KVM: MMU: document clear_spte_count
Document it to Documentation/virtual/kvm/mmu.txt
Signed-off-by: Xiao Guangrong <xiaoguangrong@linux.vnet.ibm.com>
Signed-off-by: Paolo Bonzini <pbonzini@redhat.com>
diff --git a/Documentation/virtual/kvm/mmu.txt b/Documentation/virtual/kvm/mmu.txt
index 869abcc..f514a3f 100644
--- a/Documentation/virtual/kvm/mmu.txt
+++ b/Documentation/virtual/kvm/mmu.txt
@@ -210,6 +210,11 @@
A bitmap indicating which sptes in spt point (directly or indirectly) at
pages that may be unsynchronized.
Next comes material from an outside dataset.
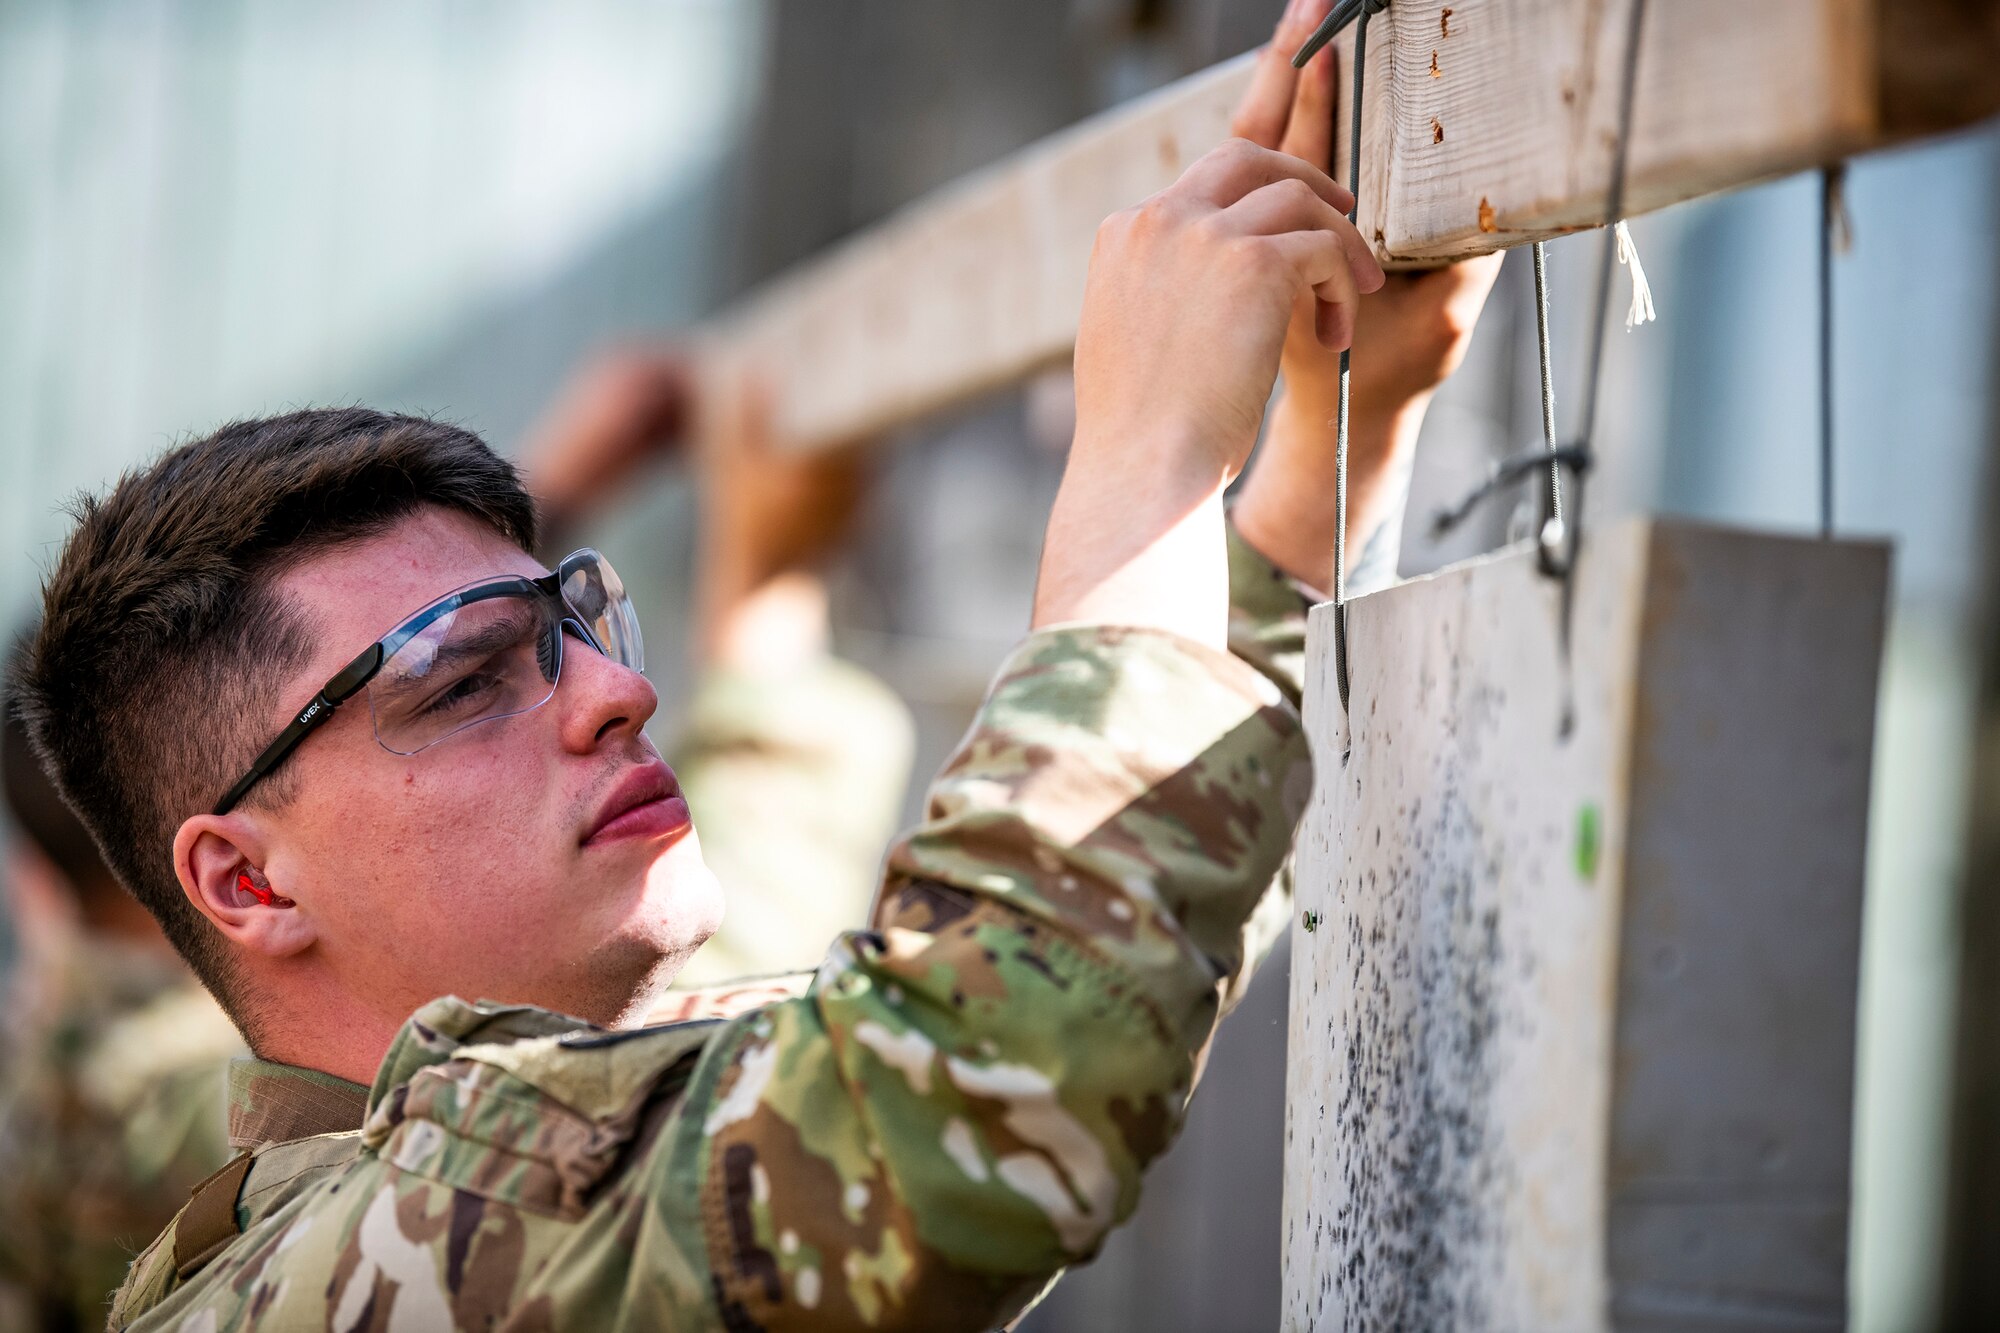 U.S. Air Force Senior Airman Ambrose Ross, 423d Security forces squadron police services, aligns a target sheet during a proficiency course at RAF Molesworth, England, Aug. 19, 2022. During the course instructors from the 820th Base Defense Group and 435th Contingency Response Group provided oversight and guidance to help critique and advance the combat arms skills of the defenders from the 423d SFS. (U.S. Air Force photo by Staff Sgt. Eugene Oliver)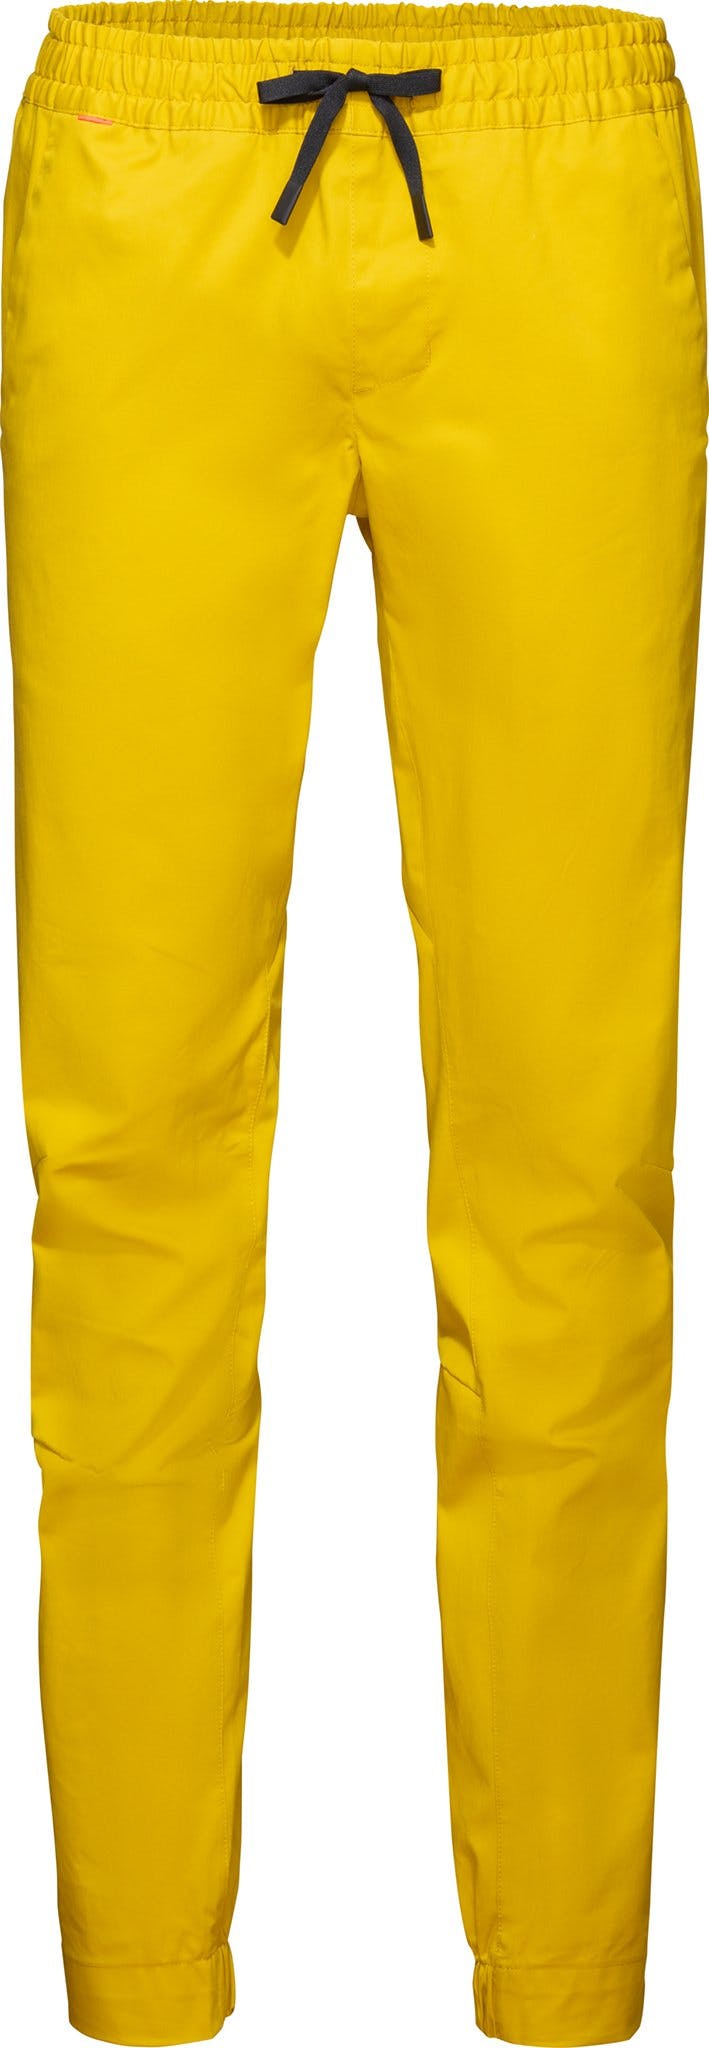 Product image for Camie Pants - Men's

Used to quickly locate all unsychronized
pages reachable from a given page.
+ clear_spte_count:
+ Only present on 32-bit hosts, where a 64-bit spte cannot be written
+ atomically. The reader uses this while running out of the MMU lock
+ to detect in-progress updates and retry them until the writer has
+ finished the write.
Reverse map
===========
diff --git a/arch/x86/include/asm/kvm_host.h b/arch/x86/include/asm/kvm_host.h
index 966f265..5d28c11 100644
--- a/arch/x86/include/asm/kvm_host.h
+++ b/arch/x86/include/asm/kvm_host.h
@@ -226,6 +226,10 @@
DECLARE_BITMAP(unsync_child_bitmap, 512);
#ifdef CONFIG_X86_32
+ /*
+ * Used out of the mmu-lock to avoid reading spte values while an
+ * update is in progress; see the comments in __get_spte_lockless().
+ */
int clear_spte_count;
#endif
diff --git a/arch/x86/kvm/mmu.c b/arch/x86/kvm/mmu.c
index 7113a0f..f385a4c 100644
--- a/arch/x86/kvm/mmu.c
+++ b/arch/x86/kvm/mmu.c
@@ -466,9 +466,20 @@
/*
* The idea using the light way get the spte on x86_32 guest is from
* gup_get_pte(arch/x86/mm/gup.c).
- * The difference is we can not catch the spte tlb flush if we leave
- * guest mode, so we emulate it by increase clear_spte_count when spte
- * is cleared.
+ *
+ * An spte tlb flush may be pending, because kvm_set_pte_rmapp
+ * coalesces them and we are running out of the MMU lock. Therefore
+ * we need to protect against in-progress updates of the spte.
+ *
+ * Reading the spte while an update is in progress may get the old value
+ * for the high part of the spte. The race is fine for a present->non-present
+ * change (because the high part of the spte is ignored for non-present spte),
+ * but for a present->present change we must reread the spte.
+ *
+ * All such changes are done in two steps (present->non-present and
+ * non-present->present), hence it is enough to count the number of
+ * present->non-present updates: if it changed while reading the spte,
+ * we might have hit the race. This is done using clear_spte_count.
*/
static u64 __get_spte_lockless(u64 *sptep)
{